_Work order:_ Without any pictures, print the lines below from the one that has "Royaura® Drewrys Beer" through the one that has "Lohn ( german", exactly and nothing else.

Start of Data to use

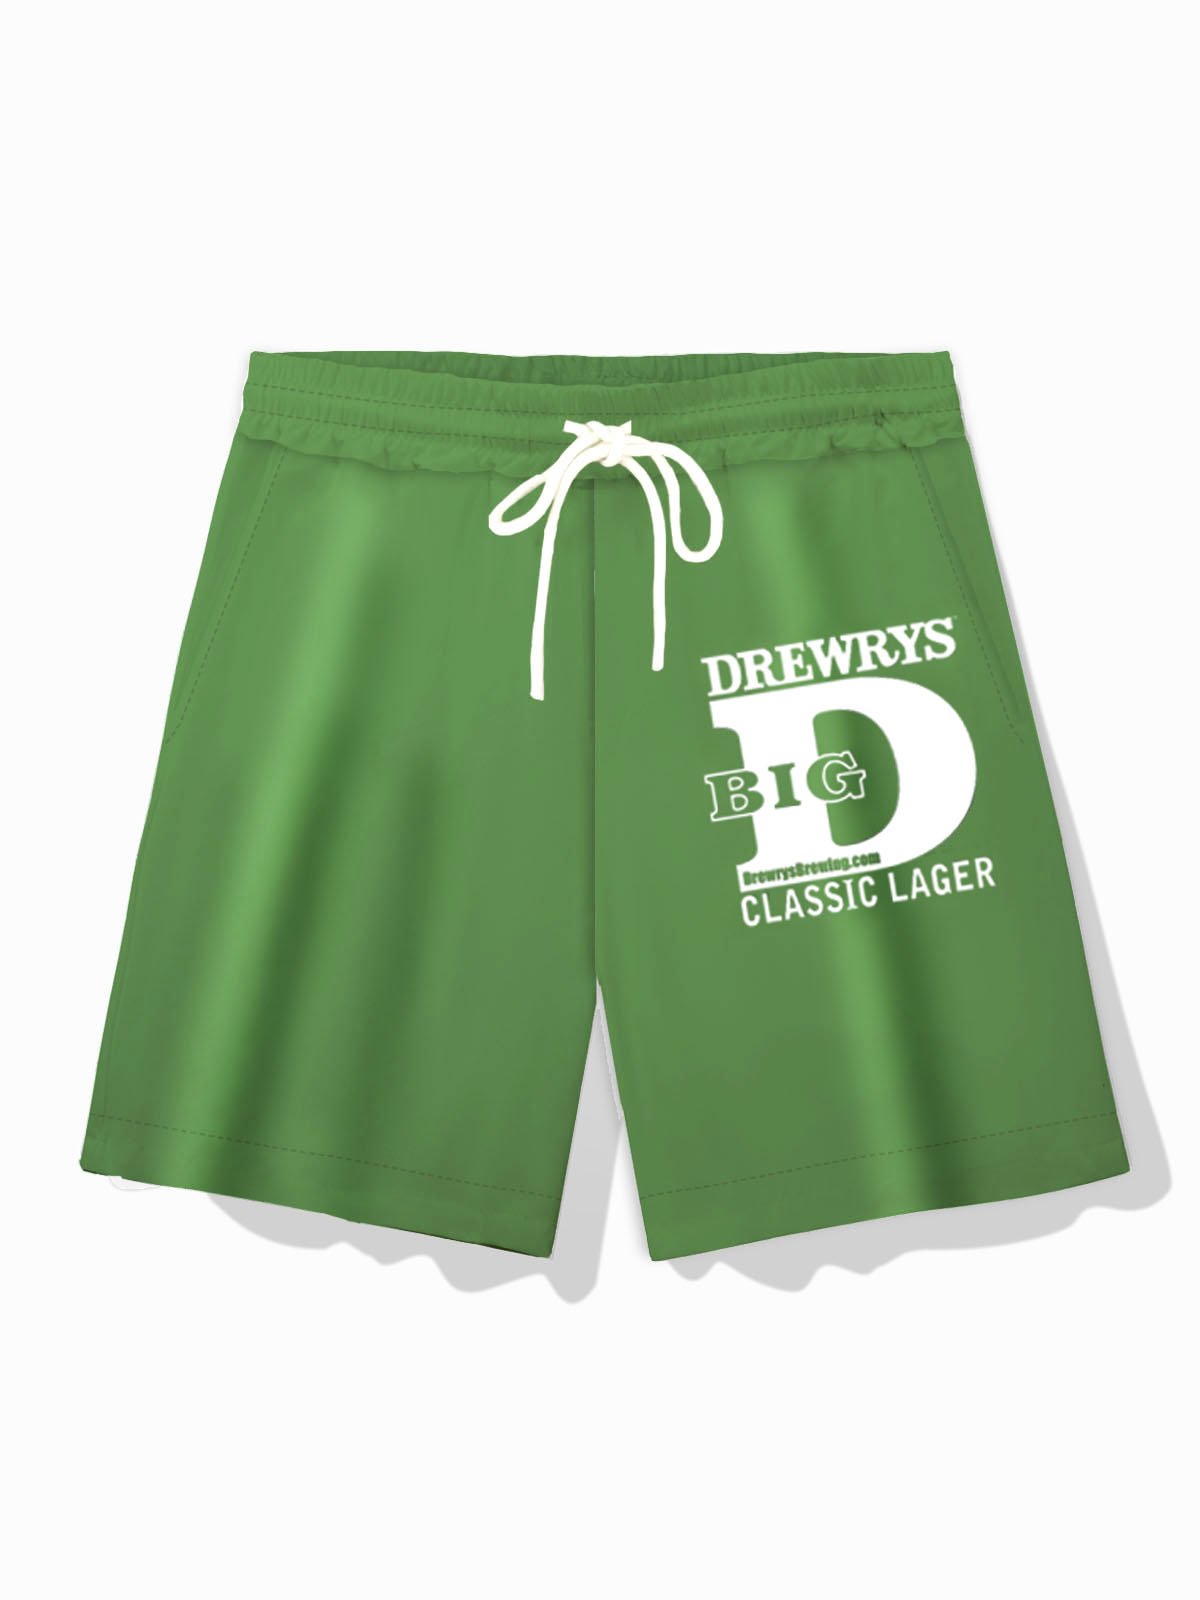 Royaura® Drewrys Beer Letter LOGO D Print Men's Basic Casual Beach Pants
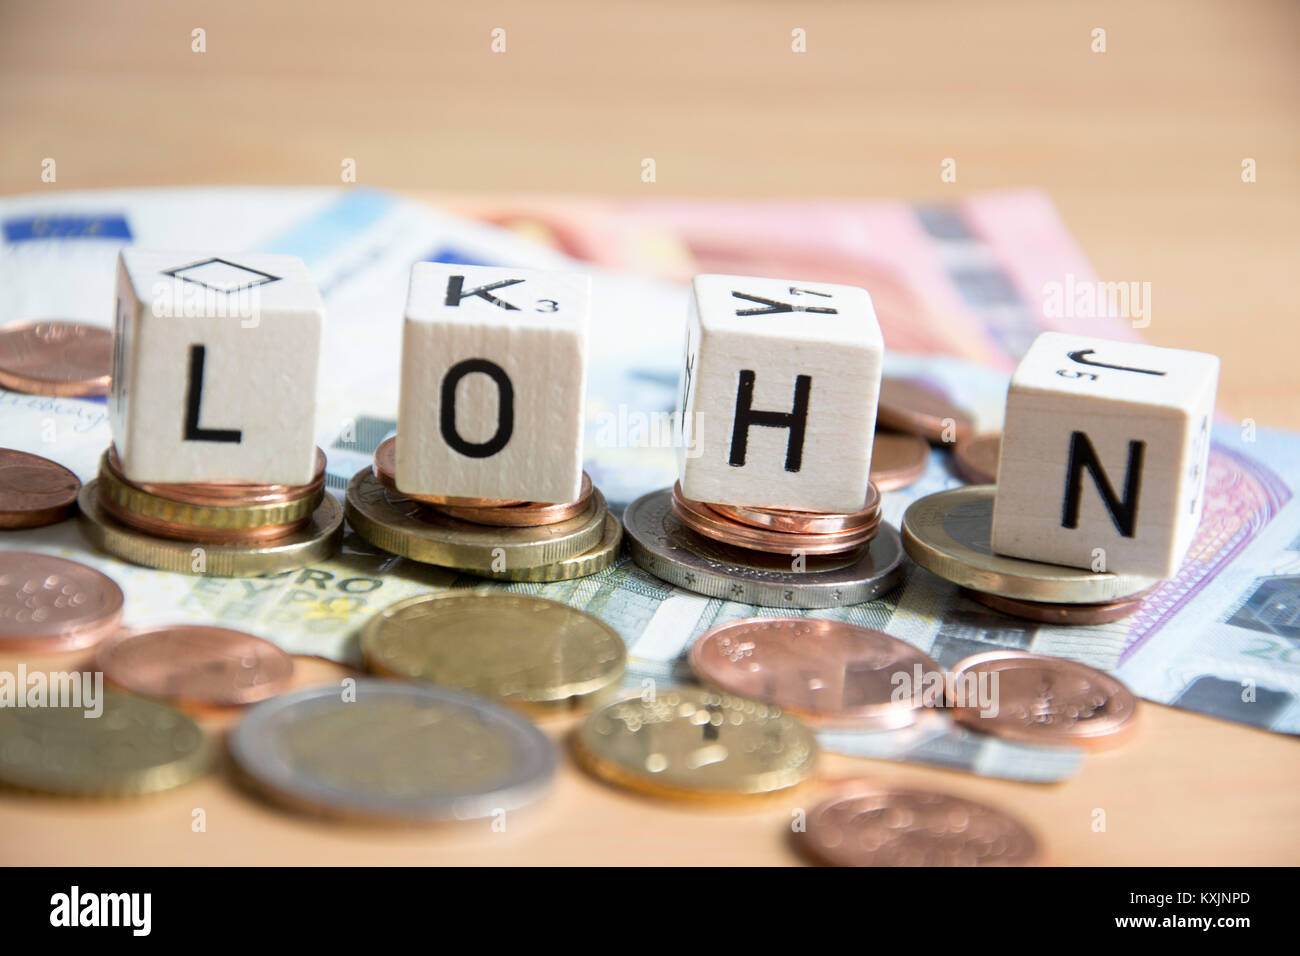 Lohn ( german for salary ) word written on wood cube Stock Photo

End of Data to use
Start of Data to use

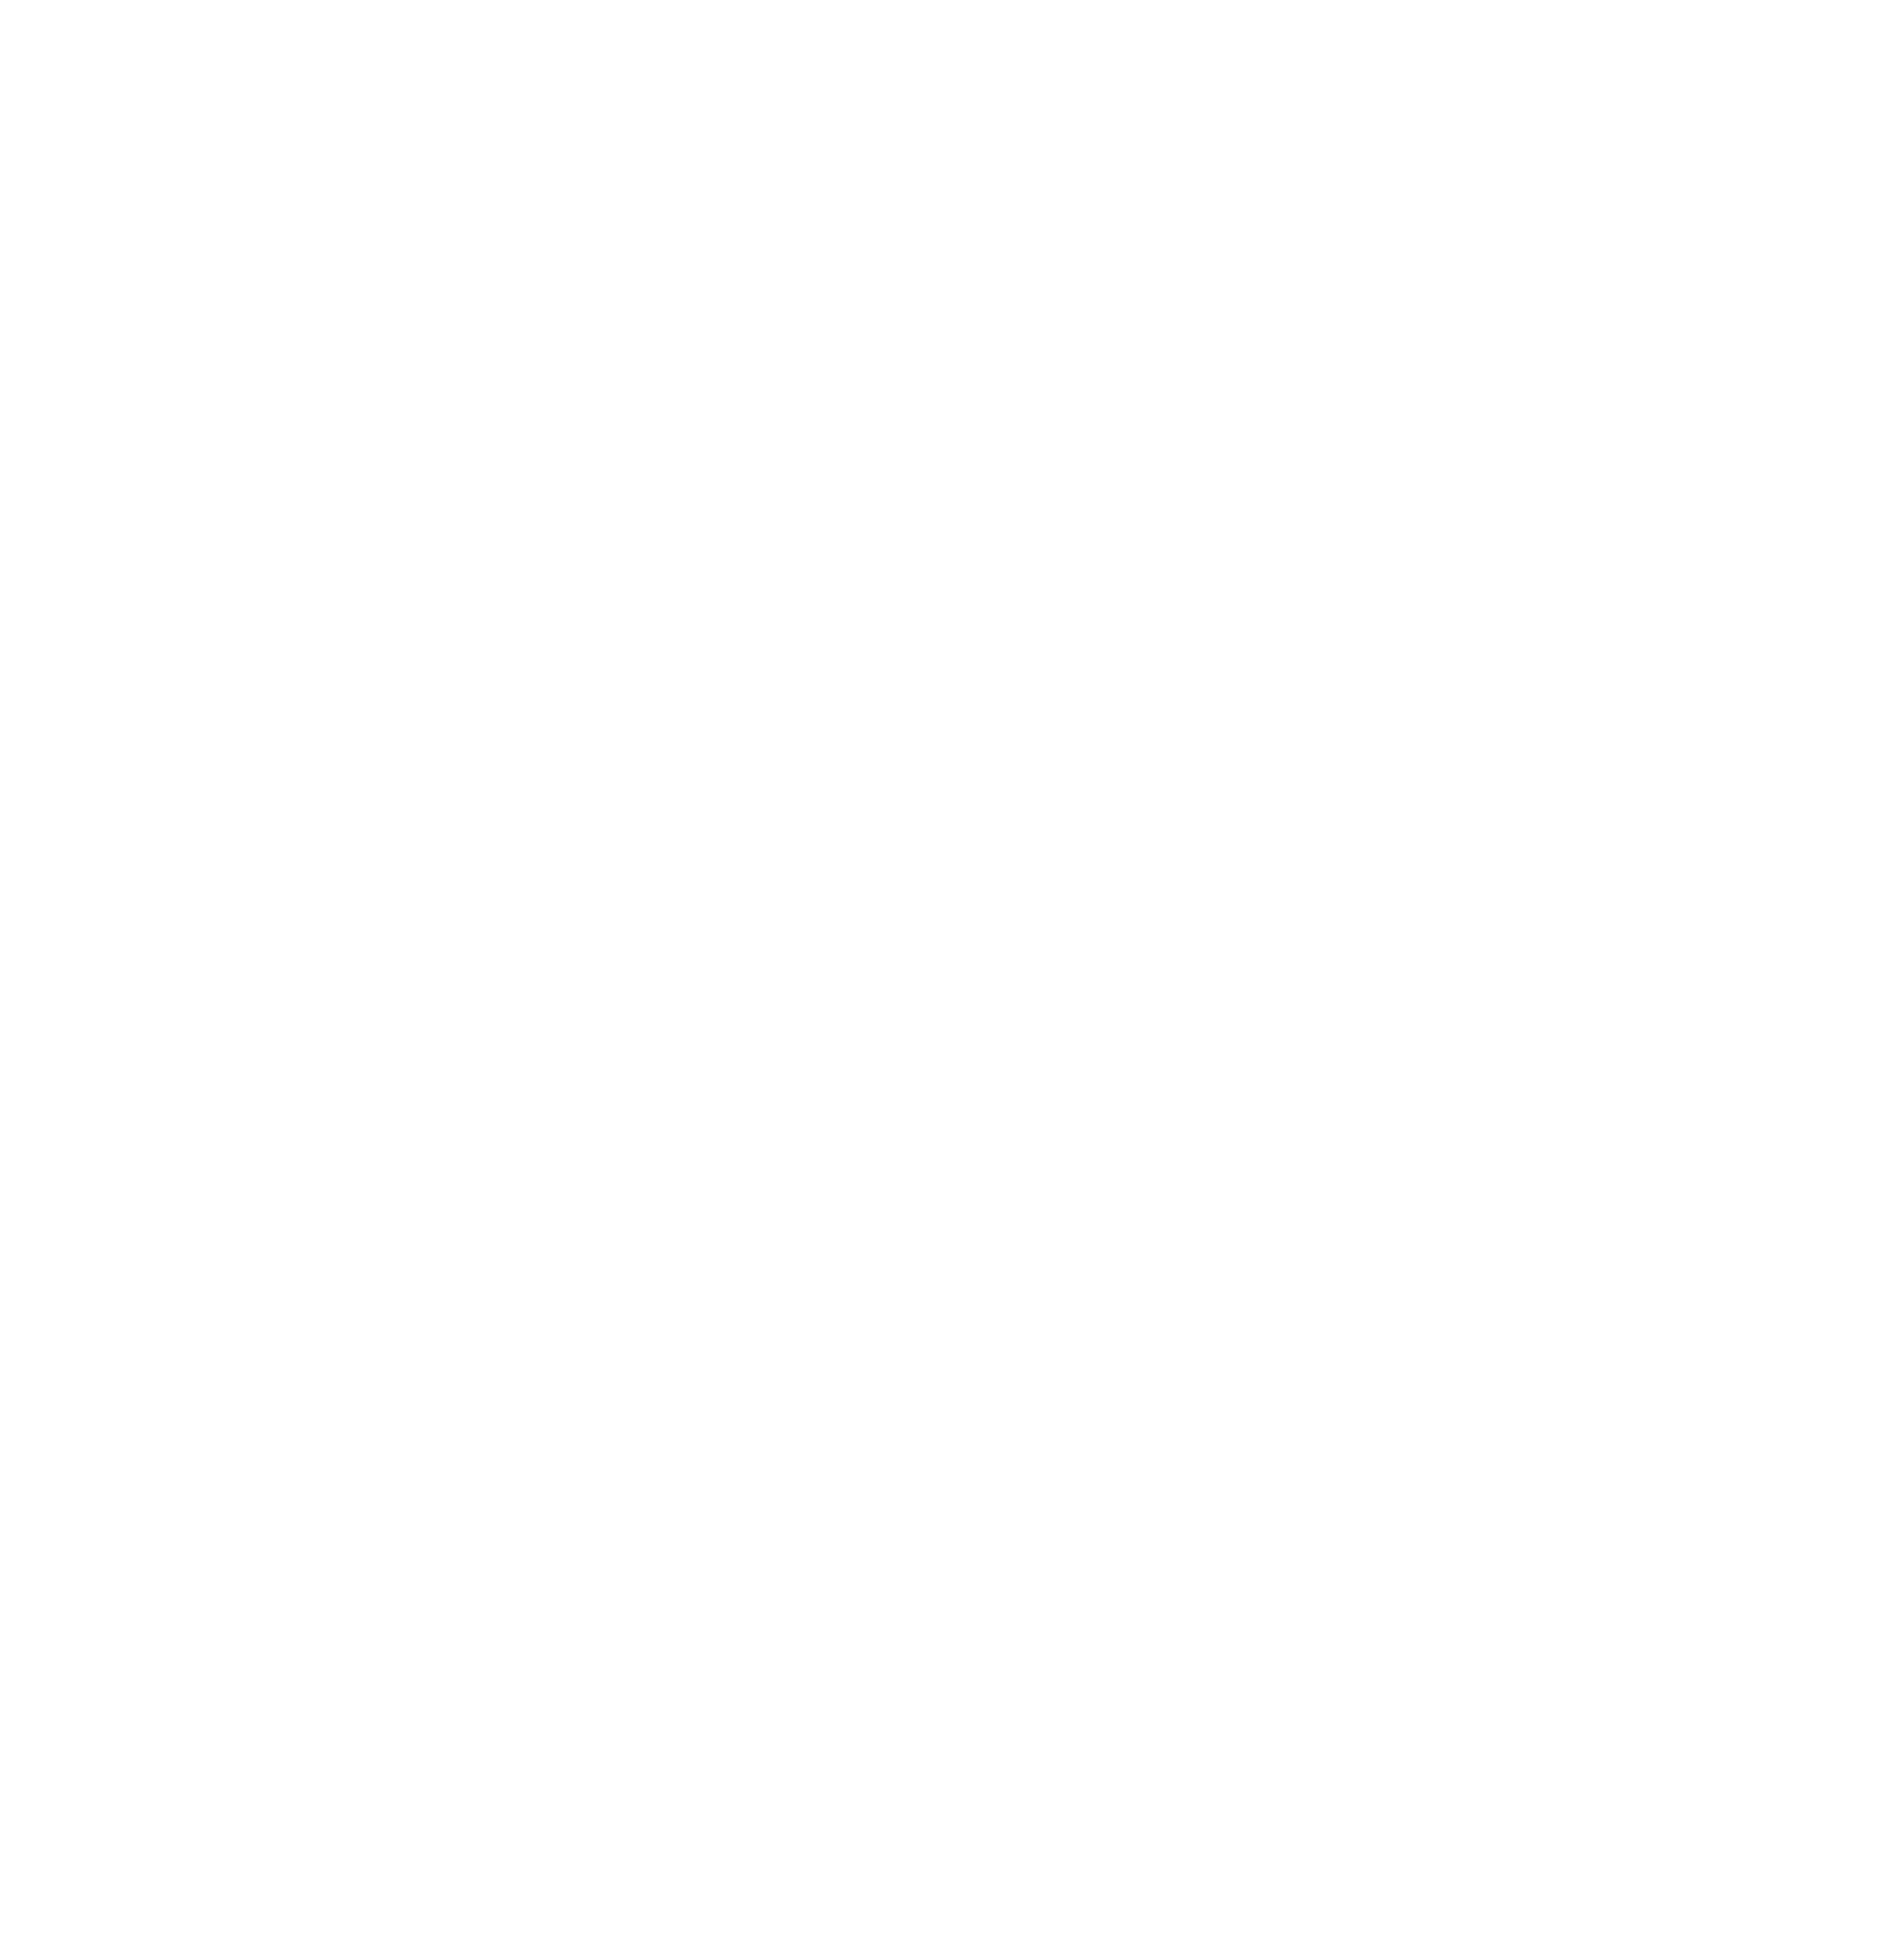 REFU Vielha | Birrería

End of Data to use
Start of Data to use

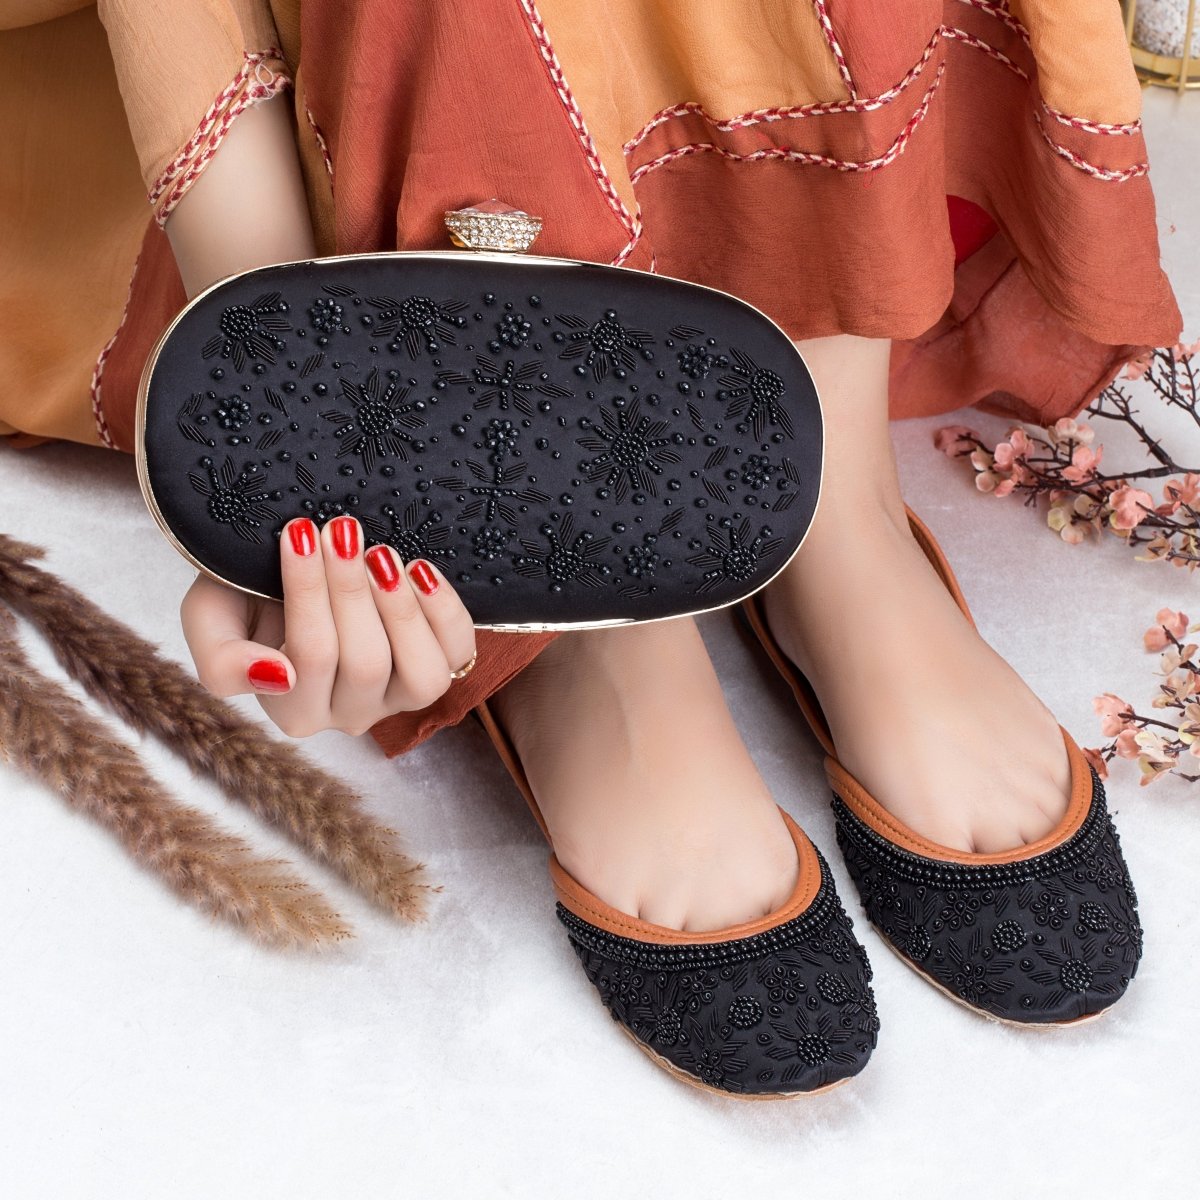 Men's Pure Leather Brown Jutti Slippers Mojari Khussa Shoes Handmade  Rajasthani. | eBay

End of Data to use

_Answer for this exercise:_
 Royaura® Drewrys Beer Letter LOGO D Print Men's Basic Casual Beach Pants
 Lohn ( german for salary ) word written on wood cube Stock Photo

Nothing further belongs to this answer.